Pretty much, that’s how it is now.
You wake up when it’s almost dark, and then work, and after work stay up until it’s light.
One woman says, “Who do that shit. Who want everyone to hear how you be pissing. I mean, is you stupid. Honestly. Some pervert shit.”
Another says, “For real. That’s just gross. That ain’t funny at all. Trying to be funny, but that ain’t fucking funny.”
You sit up a little.
Your plastic chair makes a sound.
It scares you and your heartbeat gets fast and hard.
You wait for everyone to look at you but no one looks at you.
Safe.
And the sun becomes less bright, going below the strict angle.
Gone from all angles.
The room turns a darker blue.
Another employee walks into the breakroom and stands there, pulling his pants up.
He sees a box of free Styrofoam cups on the countertop.
When he sees the cups, he says, “Aw, shit ch’yeah. Free cups, son.”
He’s wearing a reflective vest so that when he collects carts in the parking garage, no one accidentally kills him with their car.
You wonder if the person training him said, “Wear this vest to help prevent from getting accidentally killed. Unfortunately, there’s nothing we can do about the on-purpose kills. You just have to be smart. And quick.”
He takes a cup, then leaves the breakroom with the cup in his mouth, both hands pulling up his pants.
You think — Why did he come in if he didn’t already know about the free cups.
The women are still talking about the piss thing.
One says, “I’on’t give a fuck. It just sound like water to me that’s all. Like a waterfall. Like a beautiful waterfall. Y’all like waterfalls, right. Just think about waterfalls.”
People laugh.
A woman across the table from you licks her thumb clean of some chip crumbs. She says, “I’on’t want to be thinking about no pissy-ass waterfall.”
Another says, “Me neither. I can’t help but think about drinking it when I hear it like that. S’gross. Just going right into my motherfucking mouth.” She makes her hands into fists and brings them close to her body while shaking a little. “Oooooh. Jesus Mary and Joseph.”
The woman next to you says, “What about them pee-drops getting on the earpiece. If you holding that walkie talkie by where you pissing, some of that shit get on the walkie talkie.” She taps the table a few times. “No no. What about getting all them little pee-drops on your mouth or ear. Them drops.”
Another woman points and says, “Them particles.”
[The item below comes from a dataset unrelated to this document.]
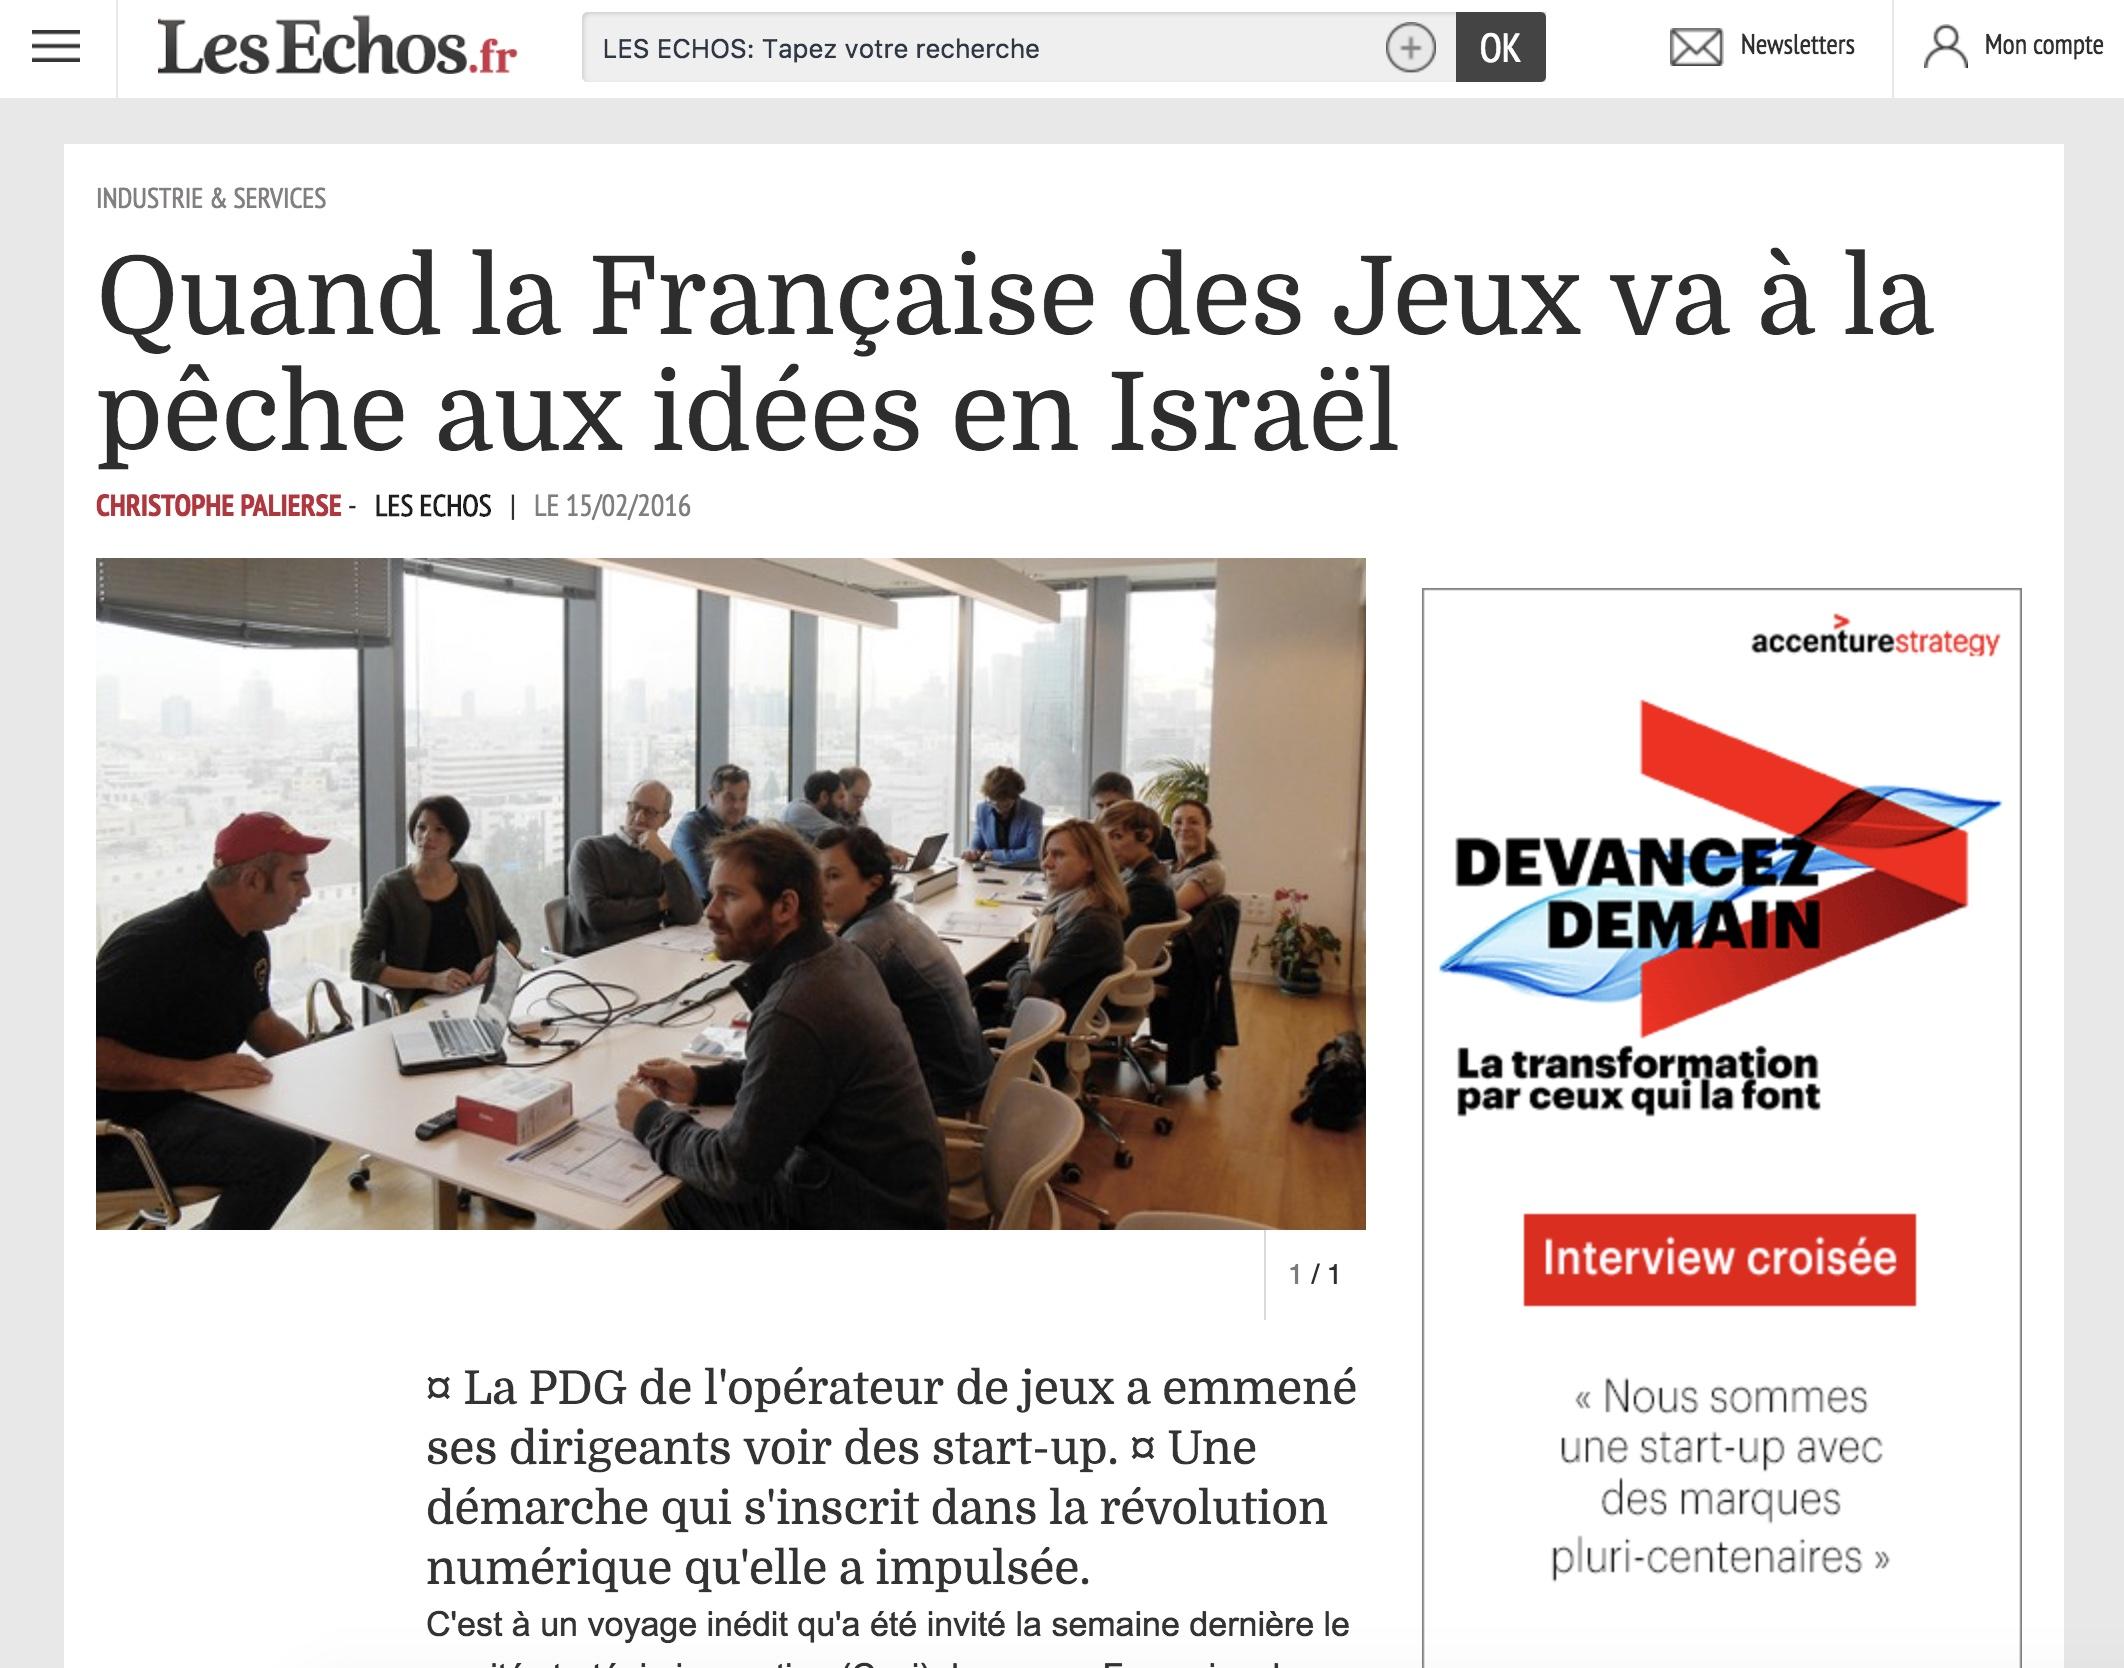 Les Echos – Quand la Française des Jeux va à la pêche aux idées en Israël

Someone else says, “Mmm hmm.”
“The particles,” you say.
Someone else says, “Mmm hmm.”
An older woman with thickly drawn-on eyebrows folds her arms and leans back. “Jesus in heaven, all them particles.”
You can’t tell if she’s awake or talking in her sleep.
She seems asleep.
You try to focus more on her and then you can’t tell if her thickly drawn-on eyebrows are eyebrows, or her open eyes, looking at you.
She uncrosses her arms and checks her watch and re-crosses her arms and says, “Hmm! Got-damn pee-drops. Who do that.”
“For real,” someone else says.
Then they continue talking to each other about things — like which guys at the store are attractive, how much the least expensive appliances at the store cost, and why no one should ever reach into the garbage in the women’s bathroom.
You look at your coffee, swirling it.
The floating grounds.
Almost empty.
You’re constantly airdropped into a life that’s already passing.
Passing like pee-drops into the ocean of time.
You finish your coffee in small sips.